Yet I still do most of my blogging (the little I do these days) late at night. I have a job where I could easily justify blogging during the workday, but I don’t. I write after my wife and son go to bed (or sometimes before they wake up). I’ve always done my best creative work late at night, whether on this blog, my book or presentations for work.

I wonder if that’s one of the reasons people feel they don’t have time to blog, because writing is a creative and personal activity that we want to do well. I have to be in the right mood to blog well and enjoy it. I don’t feel that way about other work-related tasks. It’s not as though I’ve ever thought, “I’m too tired to come up with a clever formula for this spreadsheet.”

One of the big challenges I’ve set for myself is to blog short items more frequently, but I don’t. Instead, I post more to Facebook (which leads to another question for another time).

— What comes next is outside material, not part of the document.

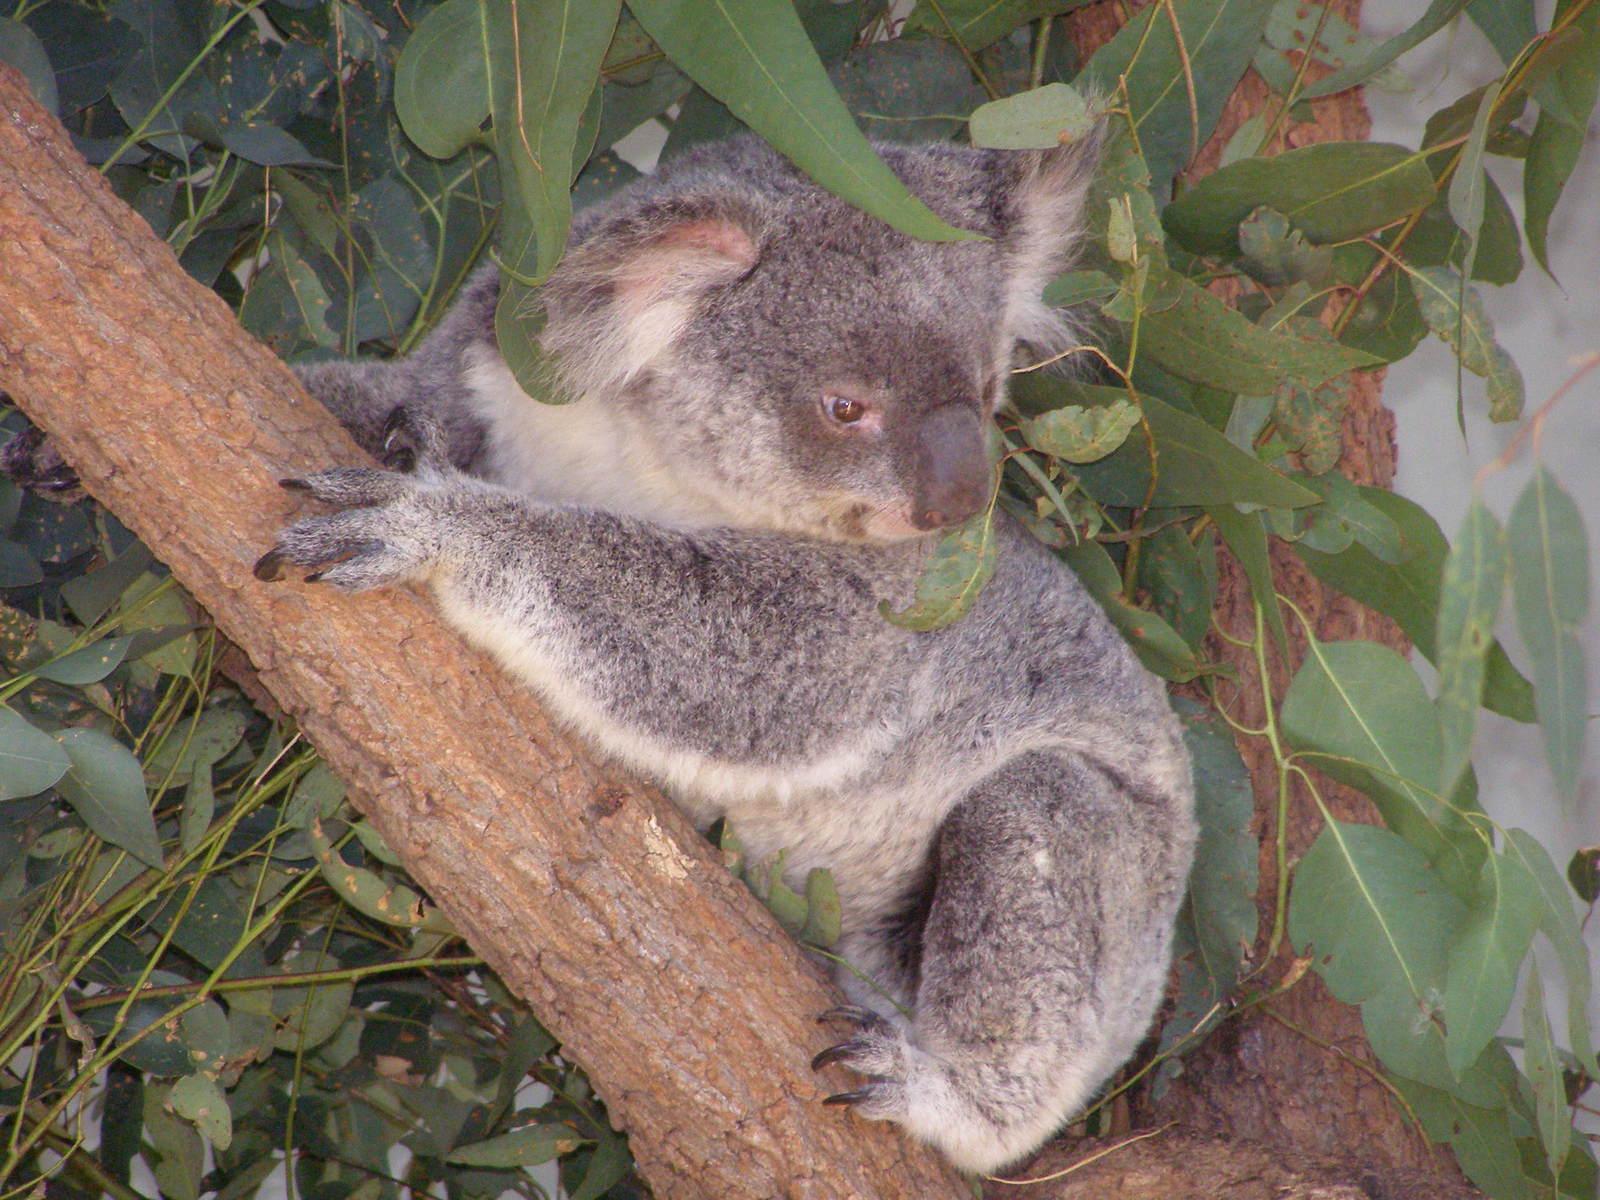 free 树袋熊,塔隆加动物园, 悉尼澳大利亚 stock photo
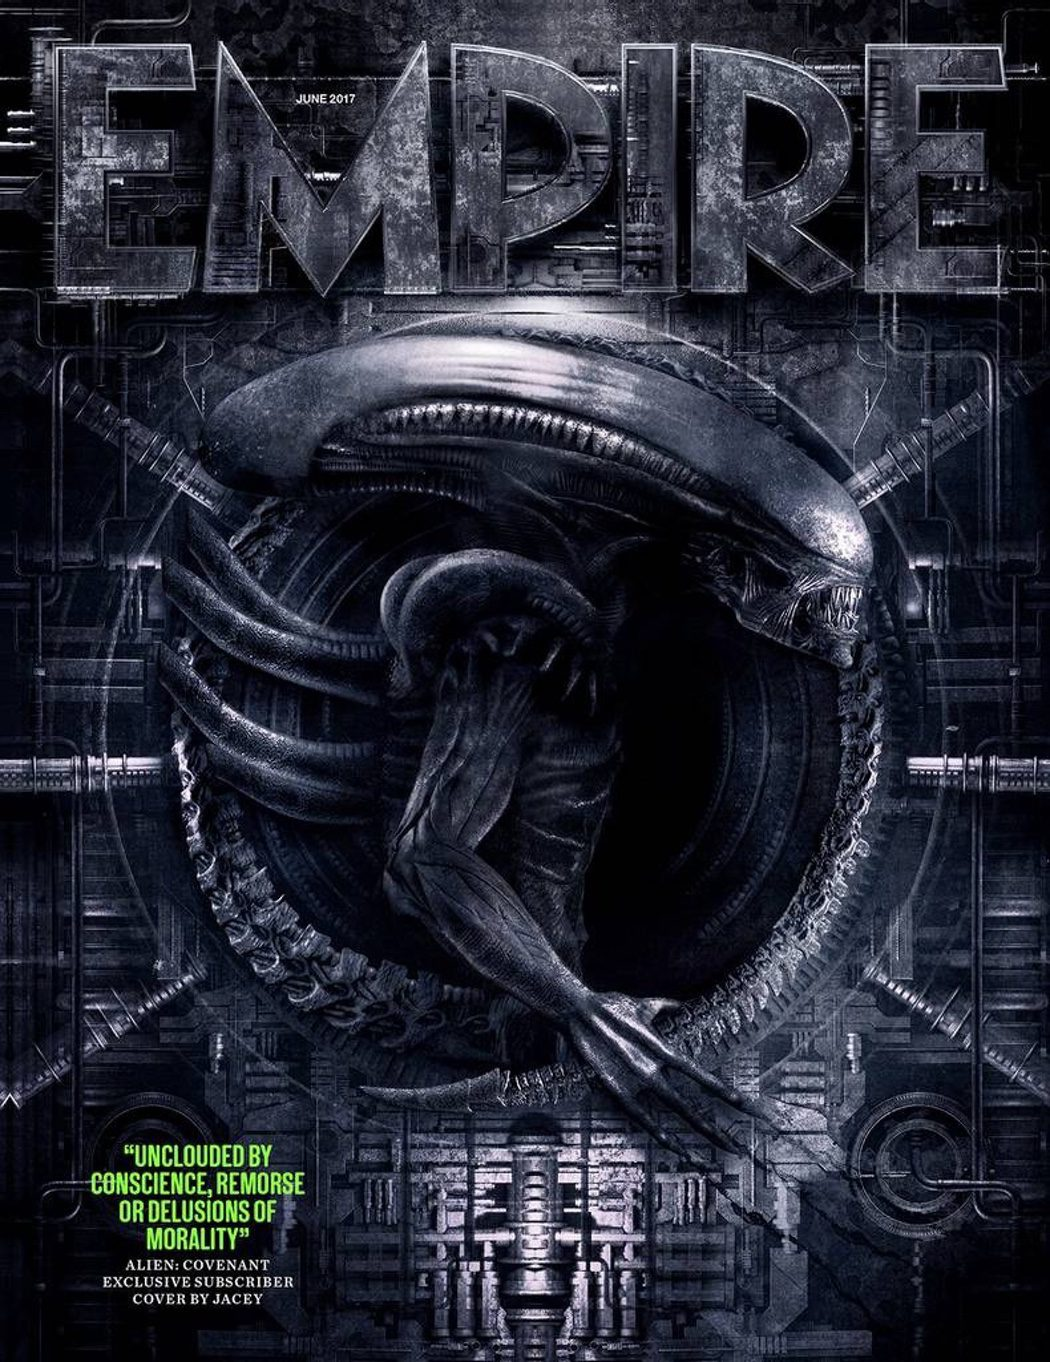 Espectacular diseño del Xenomorfo para 'Alien: Covenant'

I have abandoned some of the niceties I used to observe on this blog, notably posting photos and adding links. I used asterisks above instead of the HTML for bullets. (Did you notice? Do you care?) Those things don’t take that much time, but they take enough time (and are hard enough to do by mobile) that giving them up feels freeing.

But still it’s easier to post to Facebook, and I do it more often than I post here by a factor of, what, 100? I wonder how much of that is because blogging feels like Writing, with a capital W, and writing is a skill I respect and don’t want to devalue.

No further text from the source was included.